Ive made some lovely radiator covers, just need to attach them to the wall. I dont fancy having the mount the wall visible, so can anyone recommend another way of doing it?


----------



## Steel City Man (7 Apr 2011)

French cleats?

http://www.youtube.com/watch?v=zP6mP_bApGY


----------



## CarZeeLee (7 Apr 2011)

Thanks I do like that idea but was hoping for something a bit more simple, my wife suggested those invisible shelf brackets.

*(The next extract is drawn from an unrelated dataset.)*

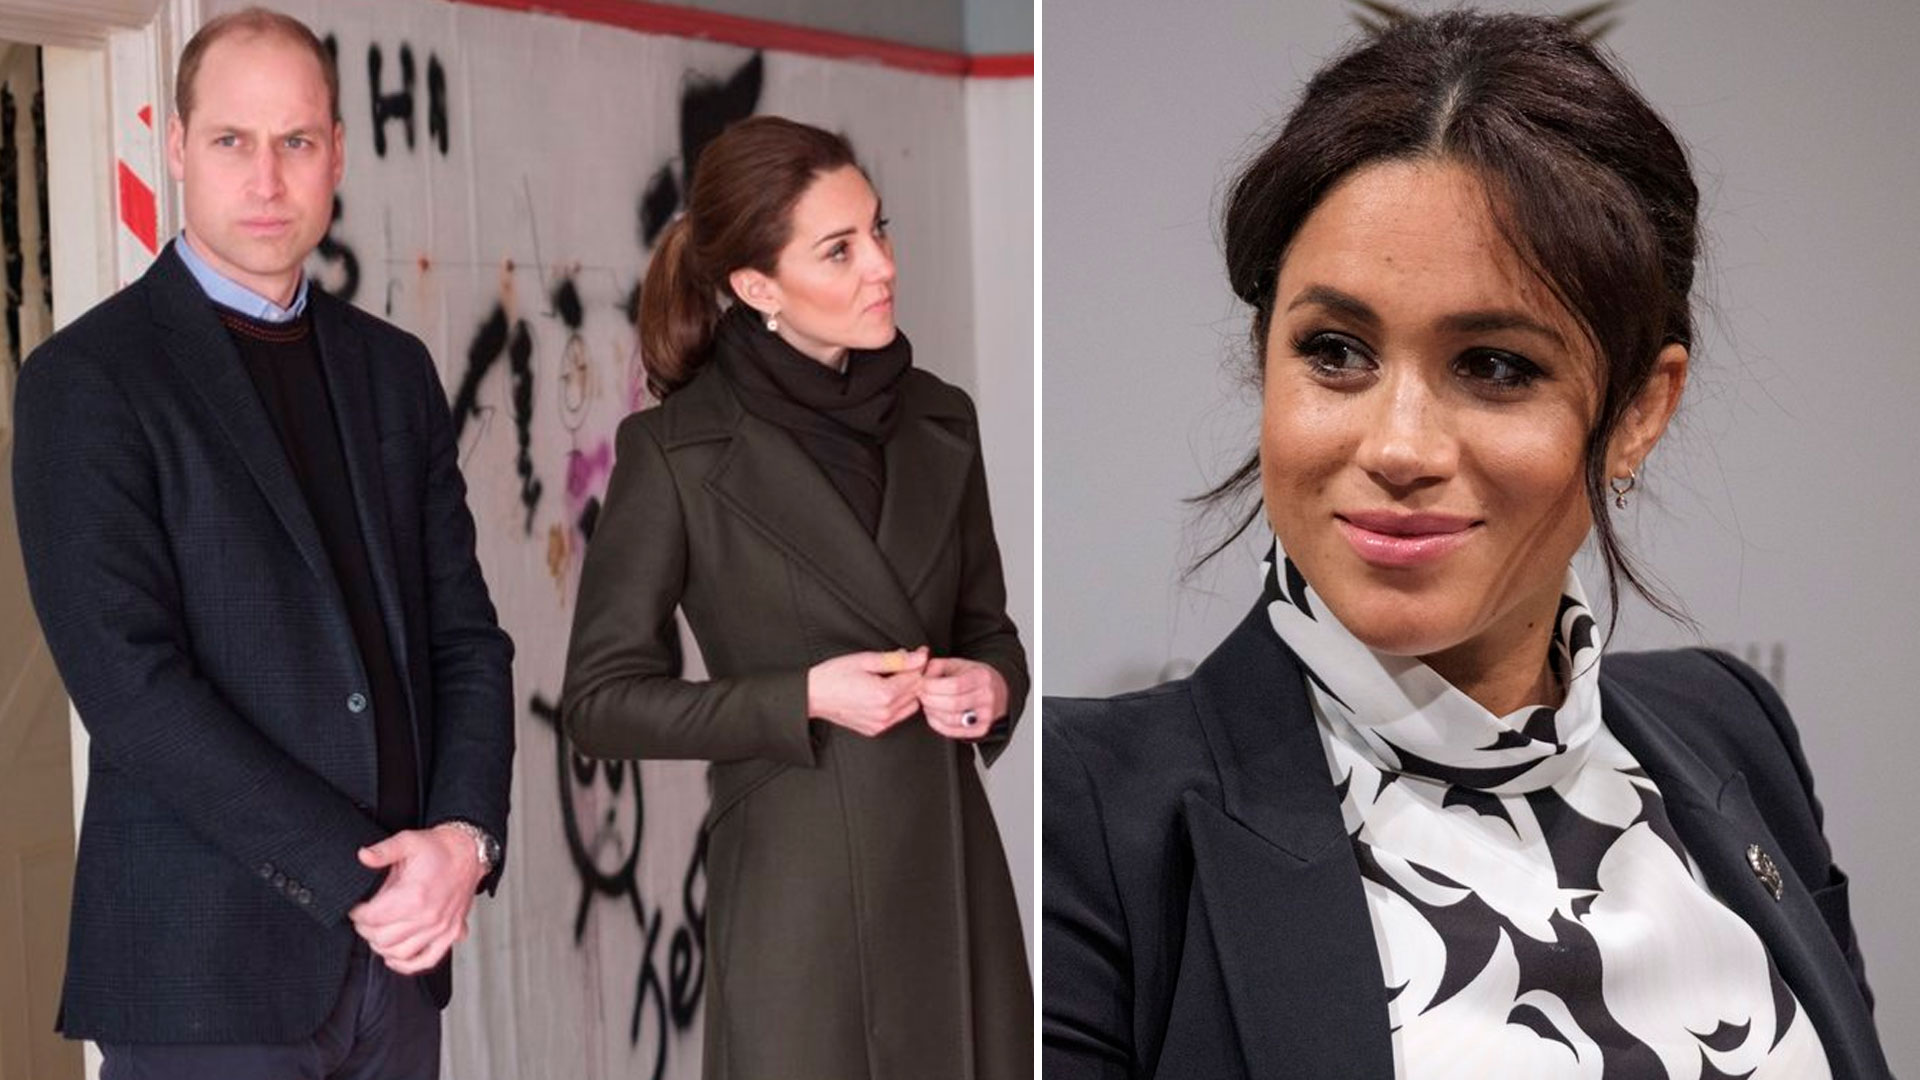 Meghan Markle prepara cambios en su vida como duquesa (Foto: Twitter @KensingtonRoyal)

But they look a bit permanent incase I need to get at the rads.


----------



## goldeneyedmonkey (7 Apr 2011)

Steel City Man":2m9phkpj said:


> French cleats?
> 
> http://www.youtube.com/watch?v=zP6mP_bApGY



+1 for French Cleats. You can't get much simpler than that IMHO. Easy to remove the radiator when you want access & it'll be strong to boot.

Cheers _Dan.


----------



## CarZeeLee (7 Apr 2011)

Thanks french cleats it is.


----------



## Tinbasher (7 Apr 2011)

Mine have a couple of brackets that slip between the radiator and the wall so no holes or attachements on the wall itself.

Tin


----------



## Steve Maskery (7 Apr 2011)

You just need a couple of mirror plates. There is the smallest of brass circles to see, under eye level, so it's not really seen at all. Easy and discreet.
S


----------